- _About this task_
Retype only the lines running from the beginning of the entries below to the line with "FERREIRA FARIAS, para, sob", both included. Do not include pictures.
——
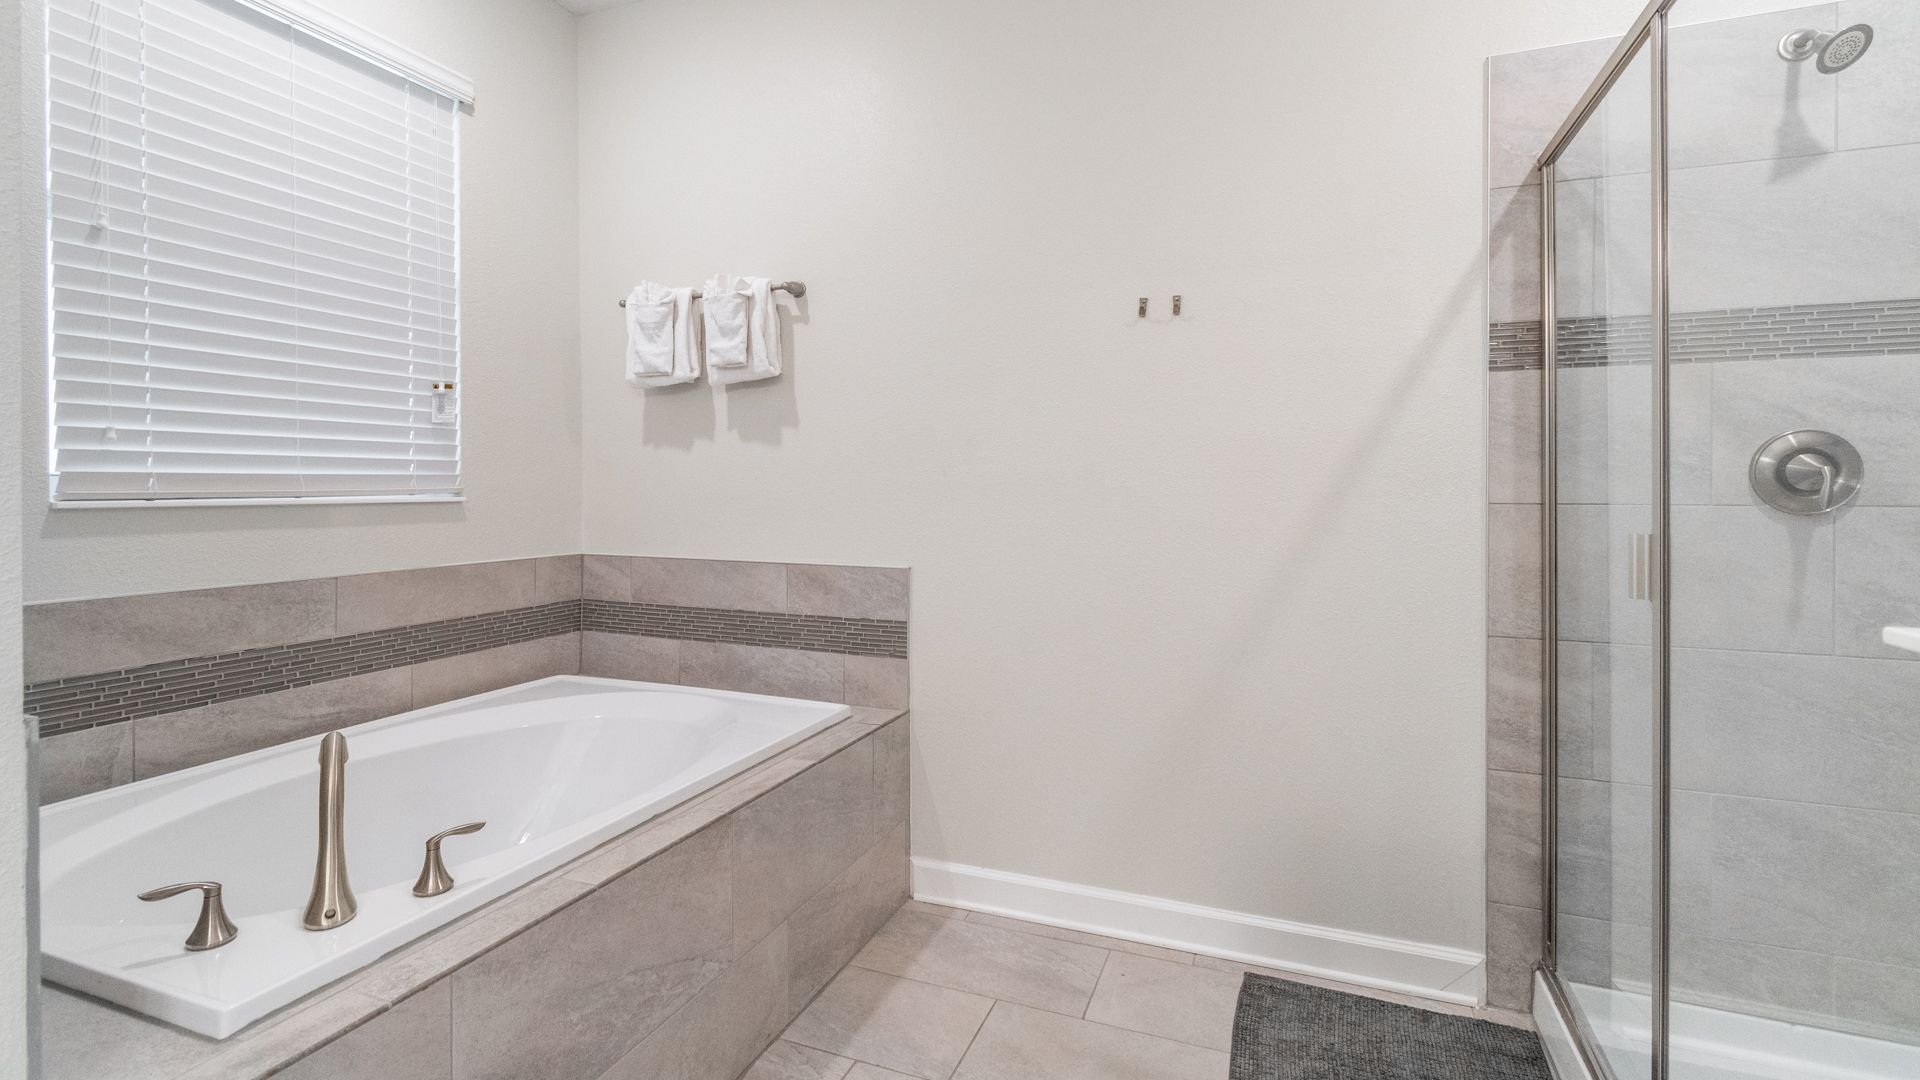 Master Bathroom 1 (Angle)
Tub and Shower
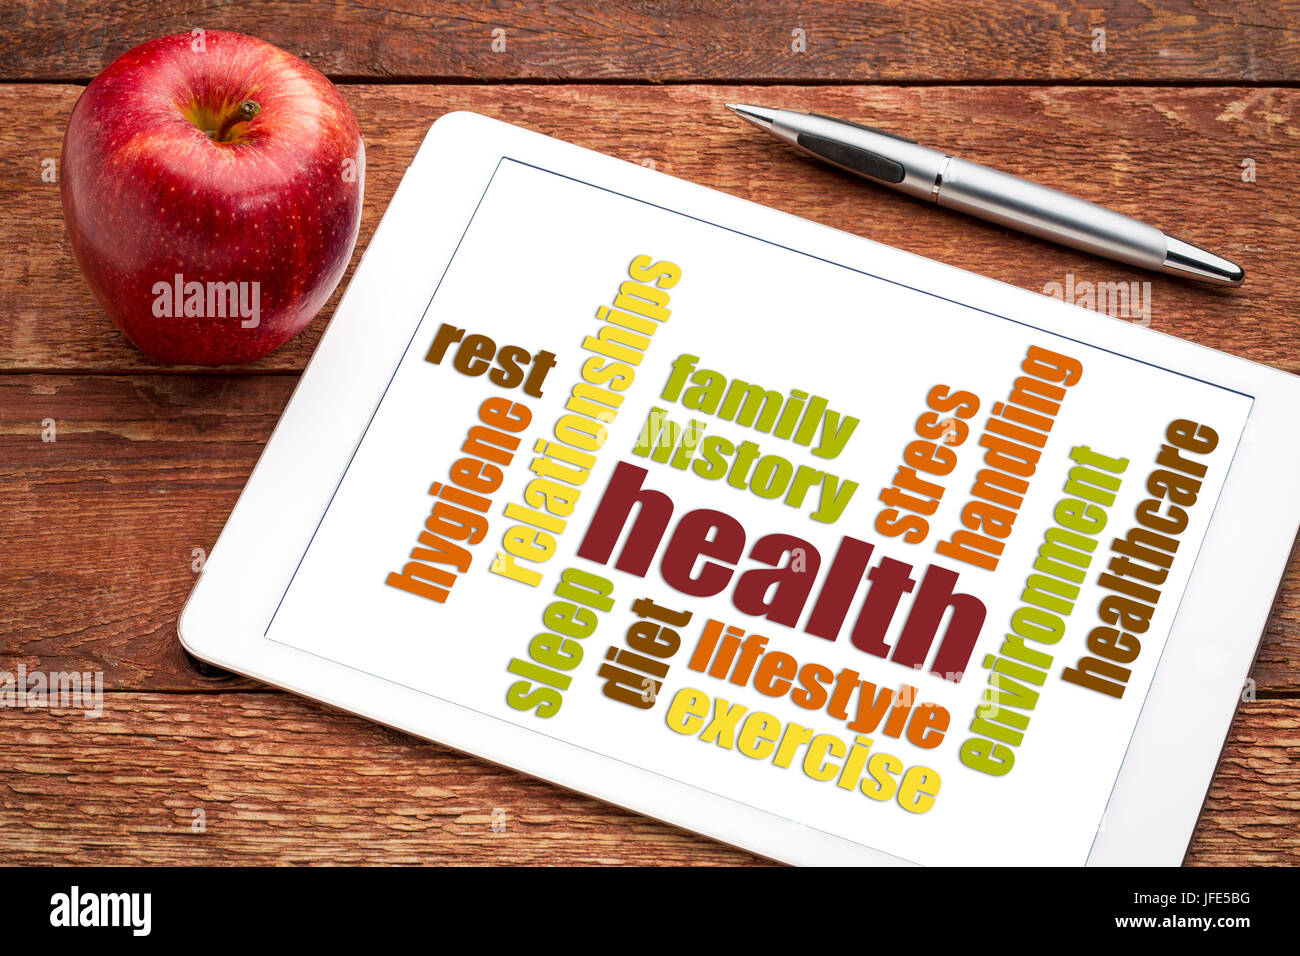 Gesundheitskonzept - Wortwolke auf einem digitalen Tablet mit Apfel Stockfoto
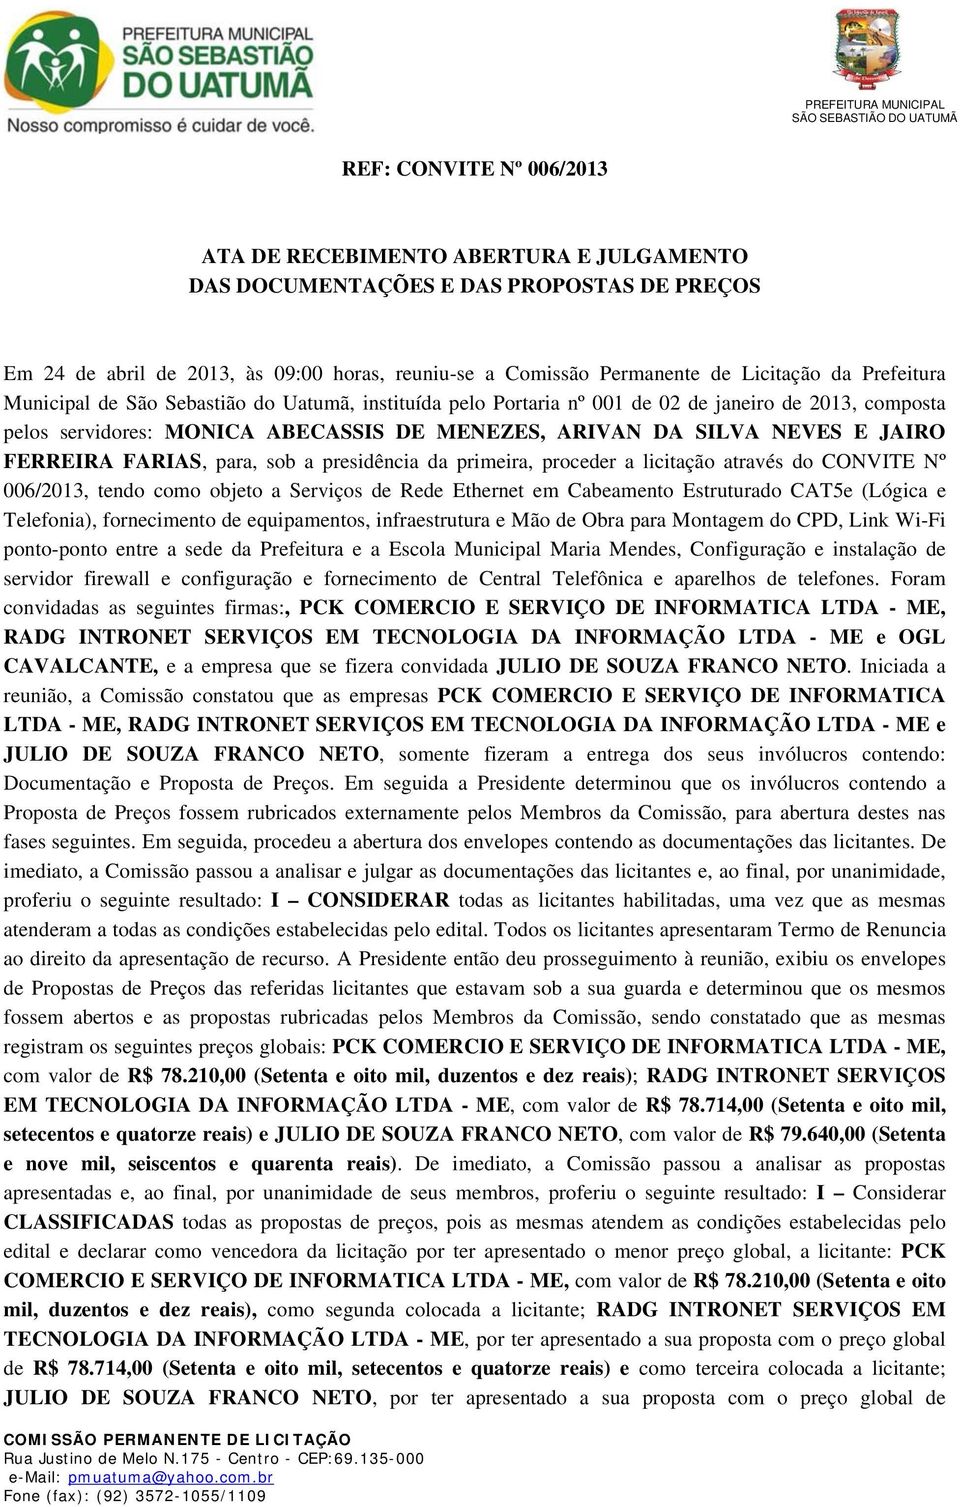 FERREIRA FARIAS, para, sob a presidência da primeira, proceder a licitação através do CONVITE Nº 006/2013, tendo como objeto a Serviços de Rede Ethernet em Cabeamento Estruturado CAT5e (Lógica e
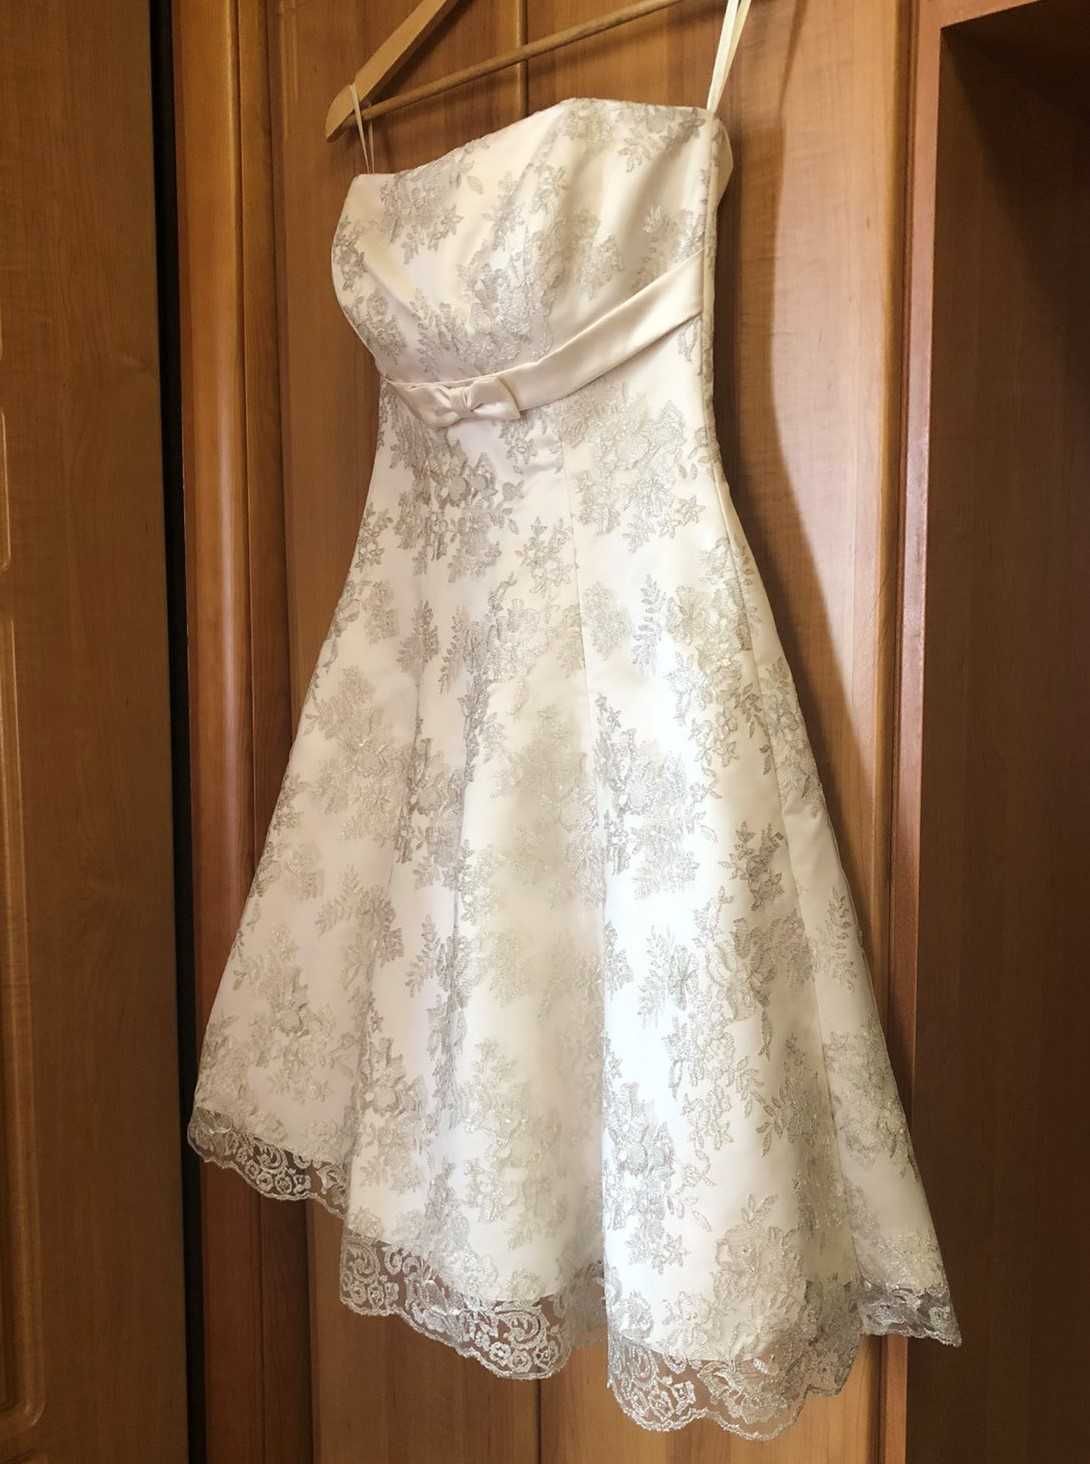 Випускна, весільна, вечірня сукня. Розмір М, колір Ivory.
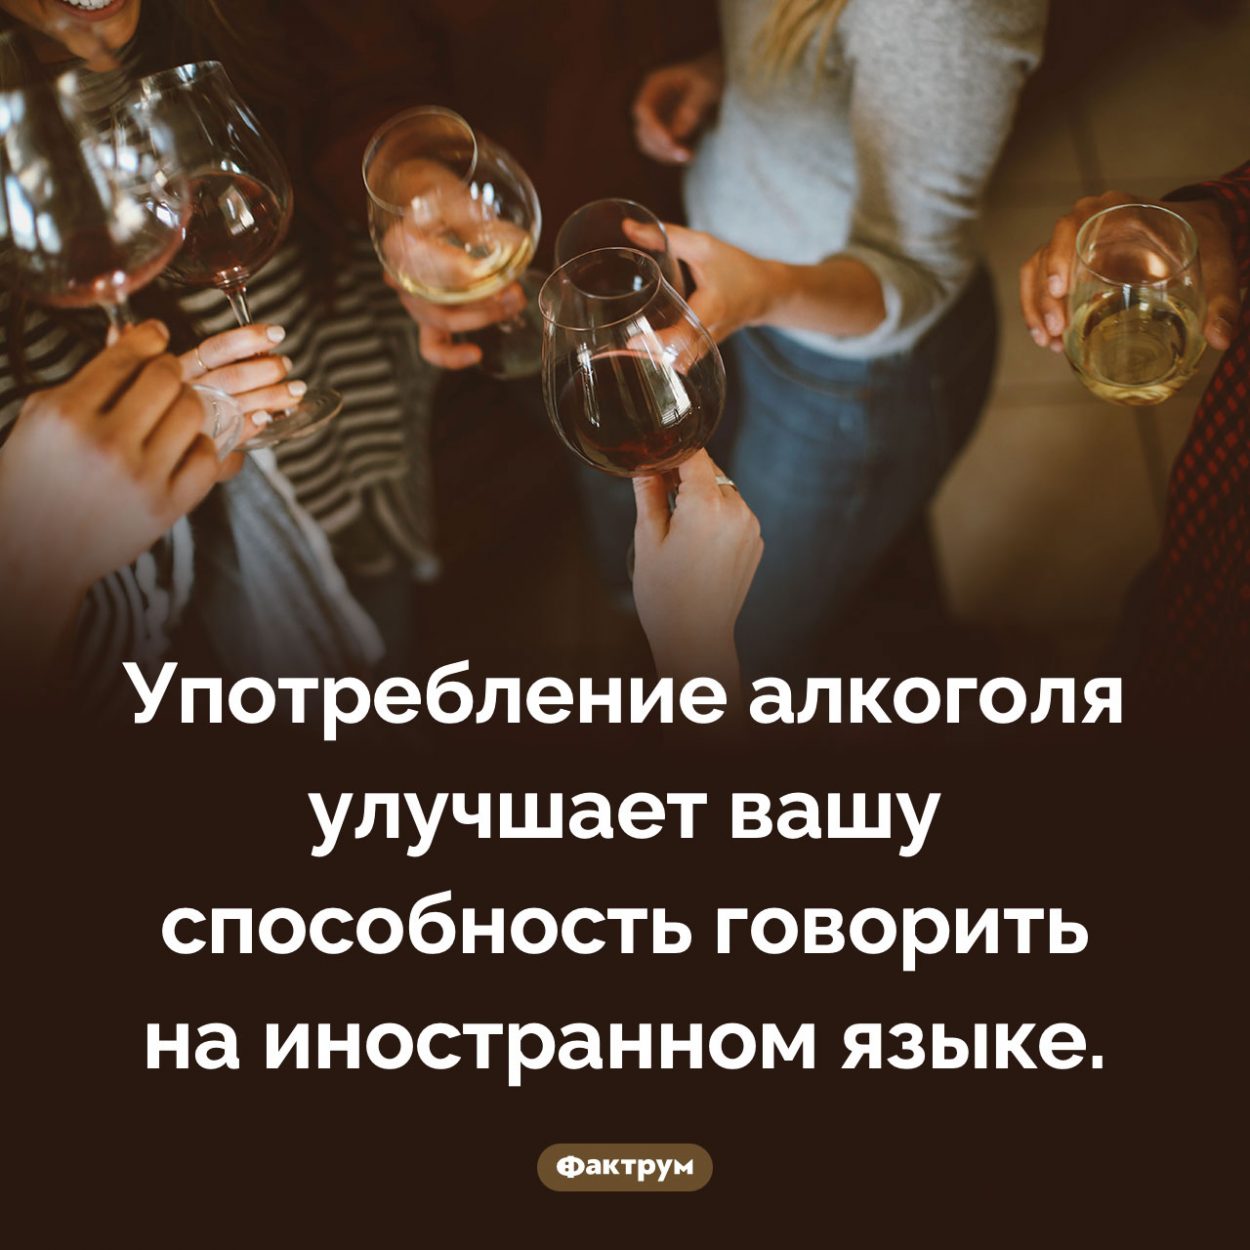 Алкоголь и иностранные языки. Употребление алкоголя улучшает вашу способность говорить на иностранном языке.
——
- _Response box_
 Master Bathroom 1 (Angle)
Tub and Shower
 Gesundheitskonzept - Wortwolke auf einem digitalen Tablet mit Apfel Stockfoto
 FERREIRA FARIAS, para, sob a presidência da primeira, proceder a licitação através do CONVITE Nº 006/2013, tendo como objeto a Serviços de Rede Ethernet em Cabeamento Estruturado CAT5e (Lógica e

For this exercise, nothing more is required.